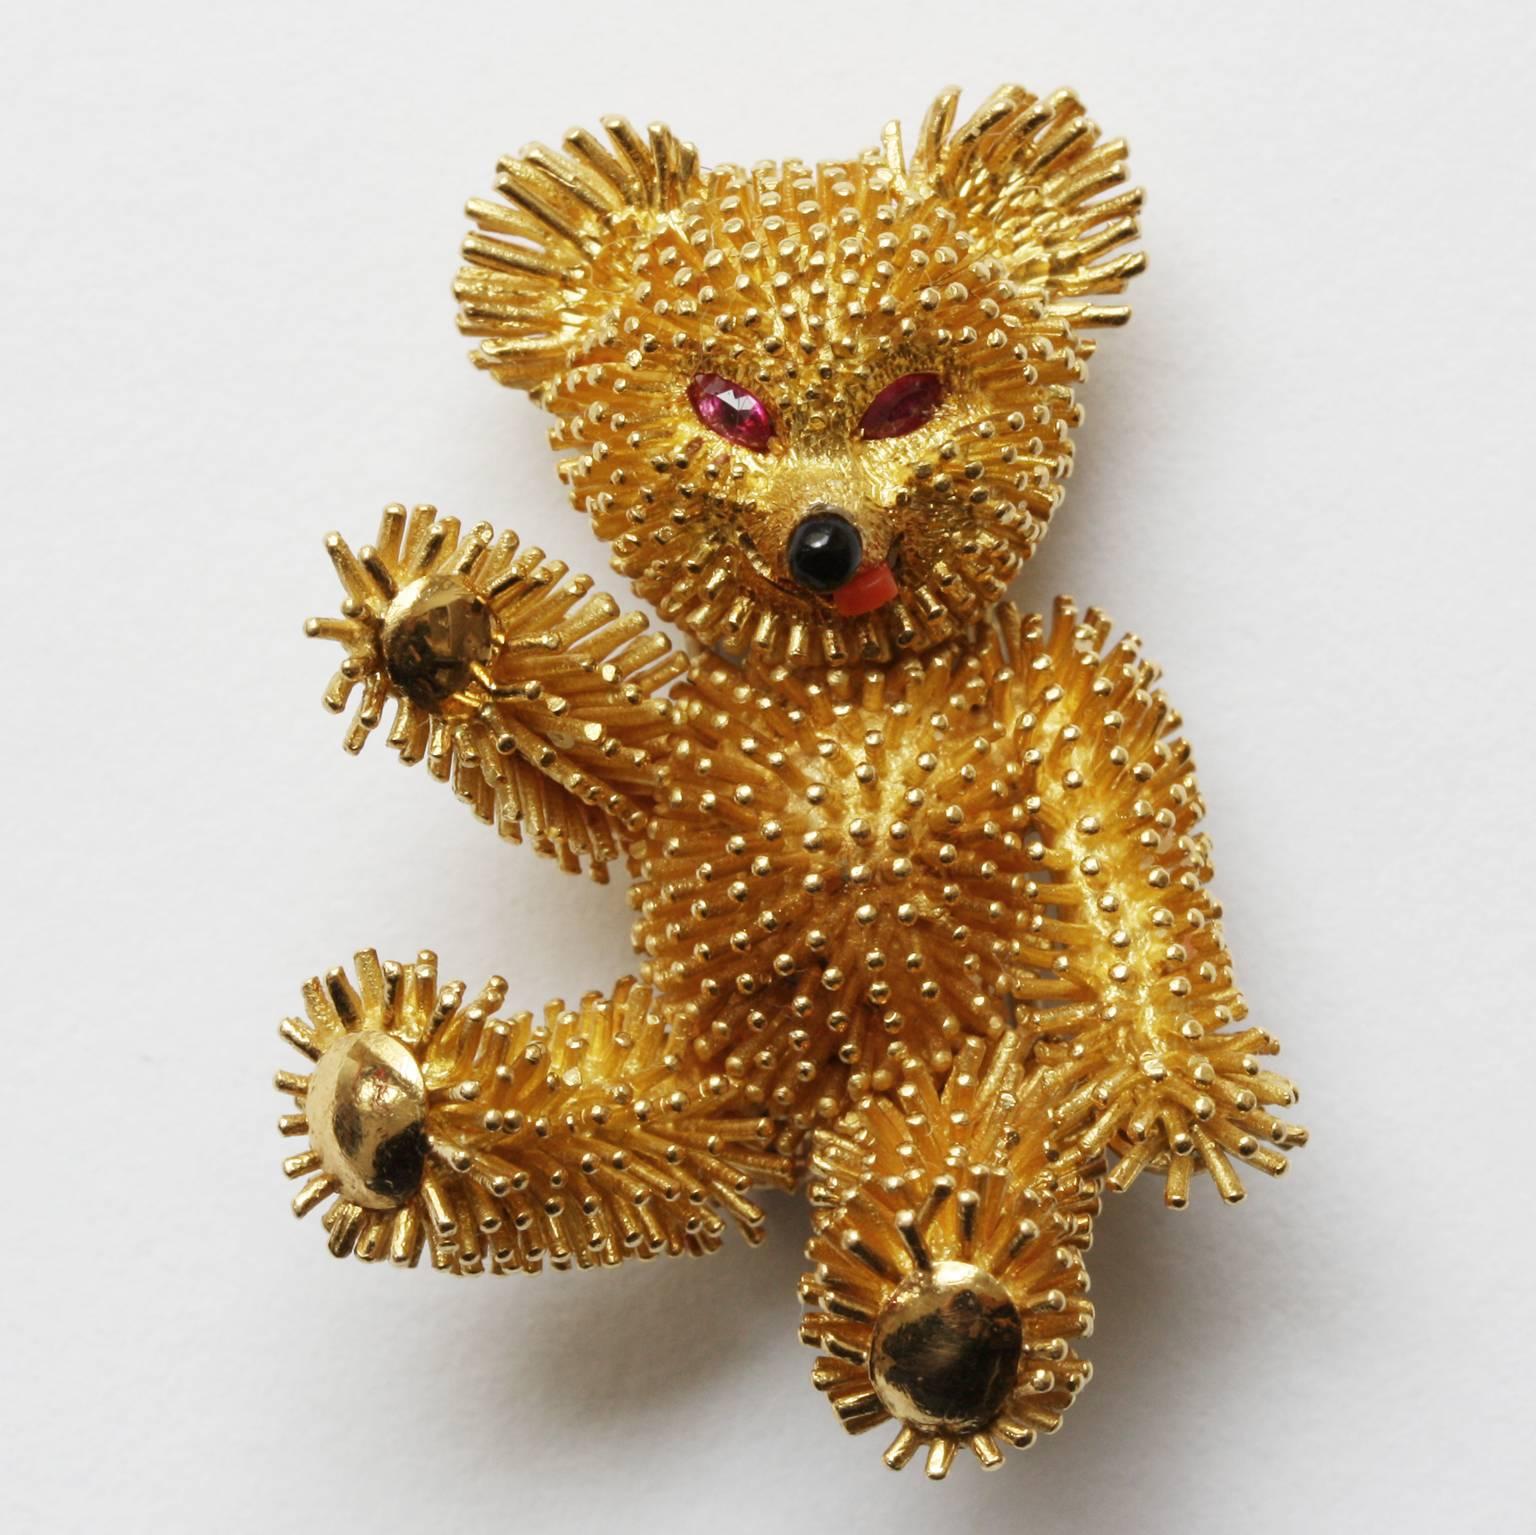 An 18 carat gold brooch in the shape of a teddy bear, with ruby eyes, a carnelian tongue and a black enamel nose, signed and numbered: Van Cleef & Arpels, 1324B, Paris, circa 1965.

weight: 22.6 gram
dimensions: 3.8 x 2.9 cm

> _Task directions_: Give the material again exactly as it is, but keep the pictures out.

> _Task solution_:
 An 18 carat gold brooch in the shape of a teddy bear, with ruby eyes, a carnelian tongue and a black enamel nose, signed and numbered: Van Cleef & Arpels, 1324B, Paris, circa 1965.

weight: 22.6 gram
dimensions: 3.8 x 2.9 cm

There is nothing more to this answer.